Ethyl-2-(p-methoyphenylamino)-6-phenyl-3-hexynoate. Compound 3a was obtained in 90% yield according to the general procedure. The ee value (85%) was determined by chiral HPLC analysis with a 25-cm × 4.6-mm Diacel Chemical Industries (Tokyo) CHIRALPAK AD column (eluent, 90:10 hexane:i-PrOH; flow rate, 1.0 ml/min; detection, 254-nm light): t_R (major) = 11.48 min, t_R (minus) = 16.75 min. [α]_D²⁰ –64.7° (c 0.5, CHC). ¹H NMR (500 MHz, CDCl₃): δ 7.28–7.25 (m, 2H), 7.20–7.16 (m, 3H), 6.80–6.78 (m, 2H), 6.67–6.65 (m, 2H), 4.69 (t, 1H, J = 2.3 Hz), 4.27–4.24 (q, 2H, J = 7.5 Hz), 3.76 (s, 3H), 2.80–2.77 (t, 2H, J = 7.3 Hz), 2.49–2.46 (dt, 2H, J = 7.3, 2.0 Hz), 1.31–1.28 (t, 3H, J = 7.5 Hz). ¹³C NMR (125 MHz, CDCl₃): δ 169.5, 153.7, 140.6, 137.6, 128.7, 128.6, 126.6, 116.5, 114.9, 84.8, 75.4, 62.5, 55.9, 50.5, 34.9, 21.1, 14.3. HRMS (ESI): calculated for C₂₁H₂₄NO₃ [M + 1]⁺, 338.1756; found, 338.1782.

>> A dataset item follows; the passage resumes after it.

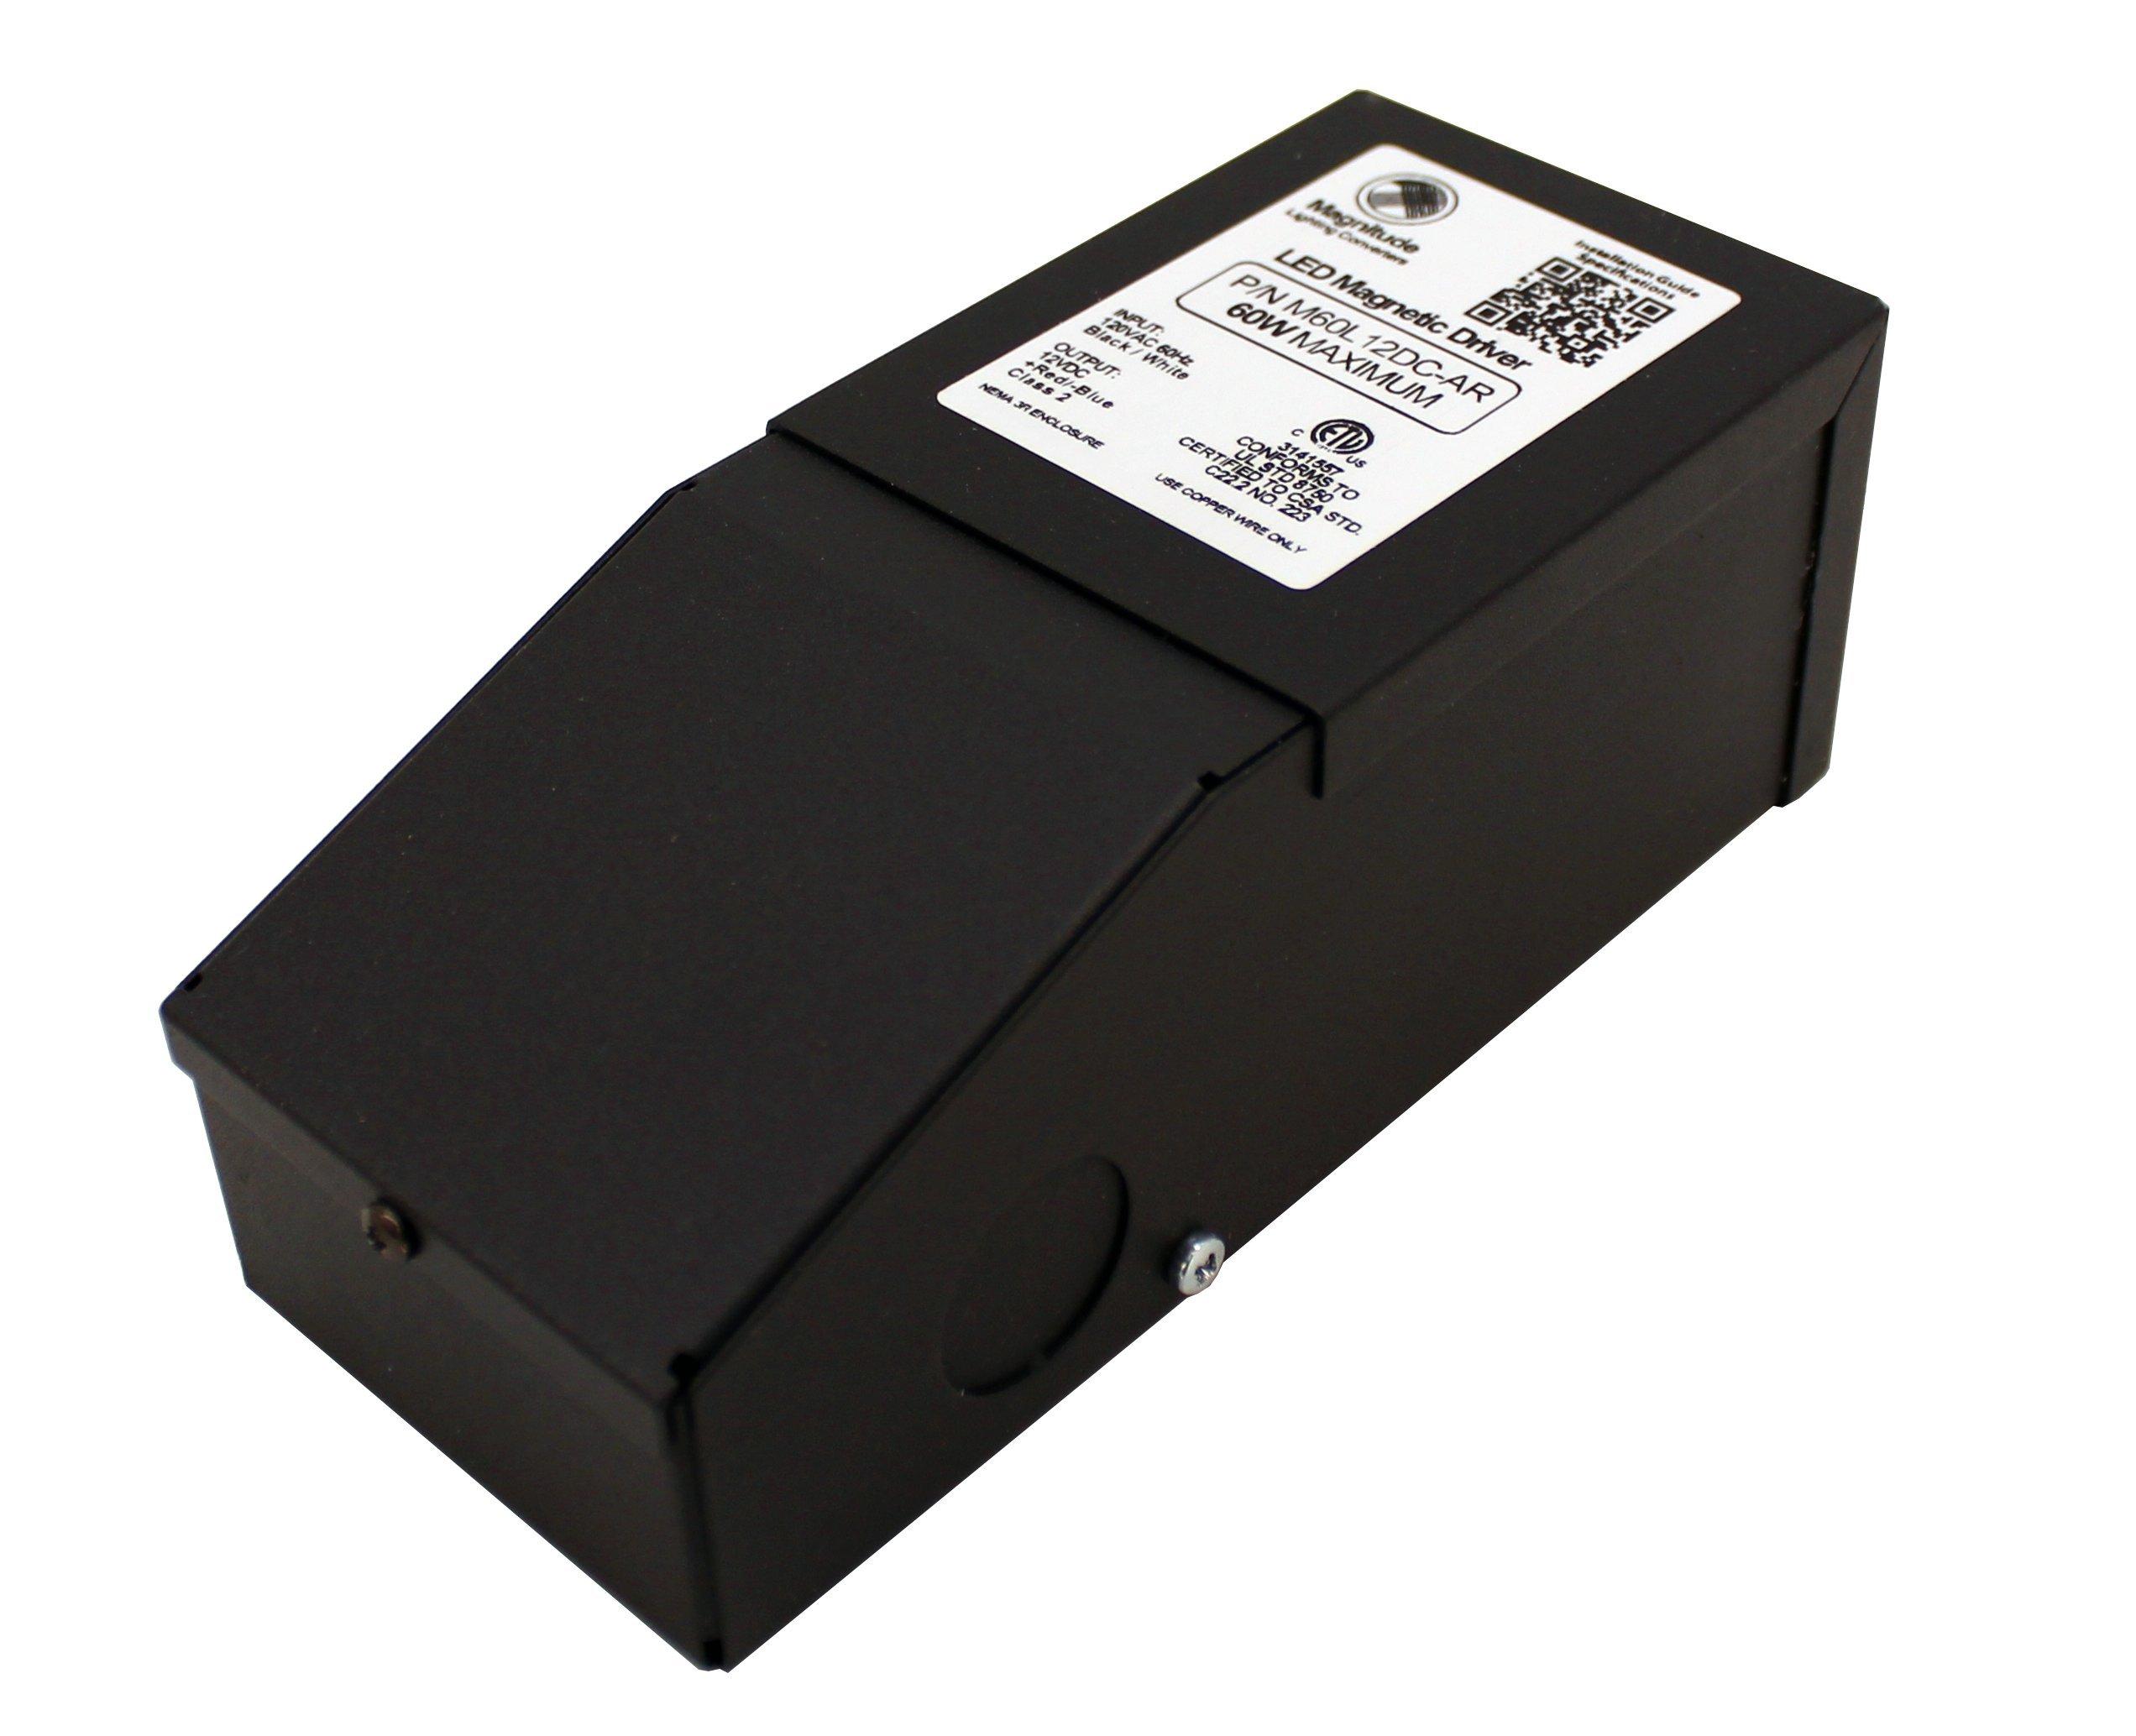 12V Magnitude Magnetic Dimmable LED Driver Transformer Hardwired Under Cabinet Lighting 60 Watt - Inspired LED by Inspired LED (Image #2)

Ethyl-2-(p-methoyphenylamino)-5-phenyl-3-pentynoate. Compound 3b was obtained in 92% yield according to the general procedure. The ee value (83%) was determined by chiral HPLC analysis with a 25-cm × 4.6-mm Daicel Chemical Industries CHIRALPAK AD column (eluent, 90:10 hexane:i-PrOH; flow rate, 1.0 ml/min; detection, 254-nm light): t_R (minor) = 21.49 min, t_R (major) = 35.00 min. [α]_D²⁰ –38.1° (c 0.4, CHCl₃). ¹H NMR (500 MHz, CDCl₃): δ 7.31–7.24 (m, 5H), 6.83–6.81 (m, 2H), 6.74–6.72 (m, 2H), 4.83 (t, 1H, J = 2.2 Hz), 4.32–4.28 (q, 2H, J = 7.2 Hz), 3.76 (s, 3H), 3.62 (d, 1H, J = 2.0Hz), 1.27 (t, 3H, J = 7.3 Hz). ¹³C NMR (125 MHz, CDCl₃): δ 169.5, 153.6, 139.7, 136.3, 128.7, 128.1, 126.9, 116.4, 115.0, 82.9, 72.8, 62.5, 55.8, 50.5, 25.2, 14.3. HRMS (ESI): calculated for C₂₀H₂₂NO₃ [M + 1]⁺, 324.1600; found, 324.1596.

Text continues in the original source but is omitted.